Sometimes we have to get up at a certain time even if we are overwhelmingly groggy:

  • Try a gradual bedside alarm in case it does the trick. But also set two alarms across the room, staggered to go off at five-minute intervals.
  • Don’t deliberate about whether you are ready to wake up. Replace negotiation with automaticity. Plant your feet on the floor on autopilot. Walk directly to the alarms, then the bathroom, then the kitchen. Don’t lie down again.

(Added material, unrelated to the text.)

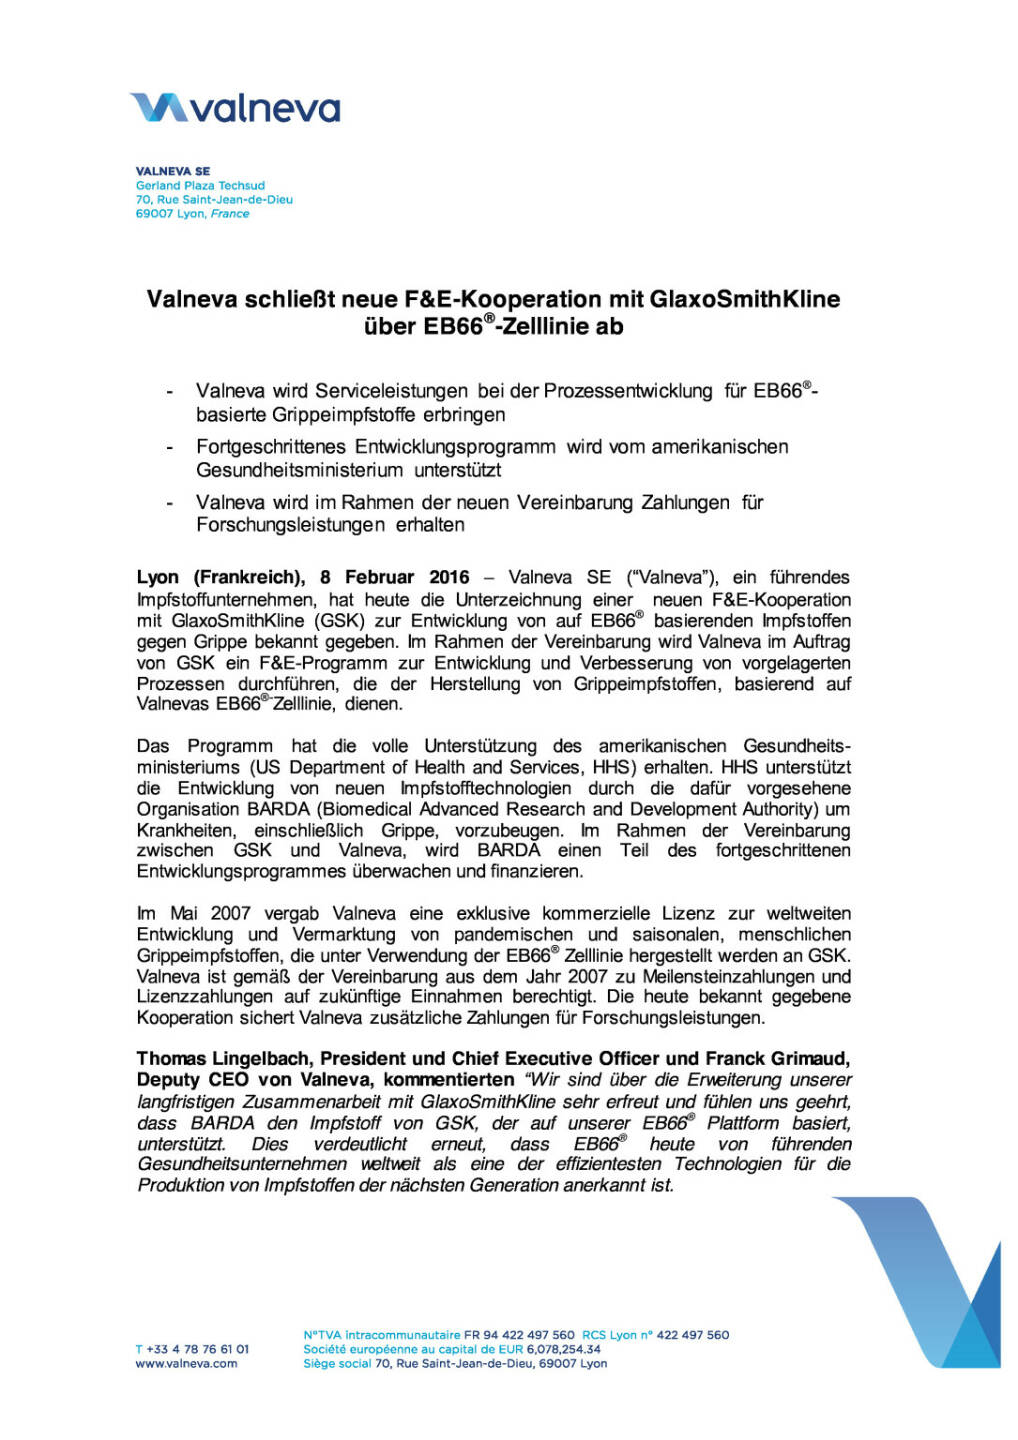 Valneva schließt neue F&E-Kooperation ab, Seite 1/3, komplettes Dokument unter http://boerse-social.com/static/uploads/file_608_valneva_schliesst_neue_fe-kooperation_ab.pdf

  • If possible, sit outside to consume your usual morning caffeine (unless your sleep treater has advised you to postpone first light exposure). Caffeine counteracts adenosine. Light promotes alertness and tunes biological rhythm.
  • Or go for a walk to get your morning light. Exercise assists good sleep, and outdoor exercise improves mental acuity.
  • Arrange something pleasant to look forward to in the morning.
  • Enlist others’ help in waking you as needed.

Lisa Strauss, PhD, is a clinical psychologist in the Boston area. She specialises in sleep disorders.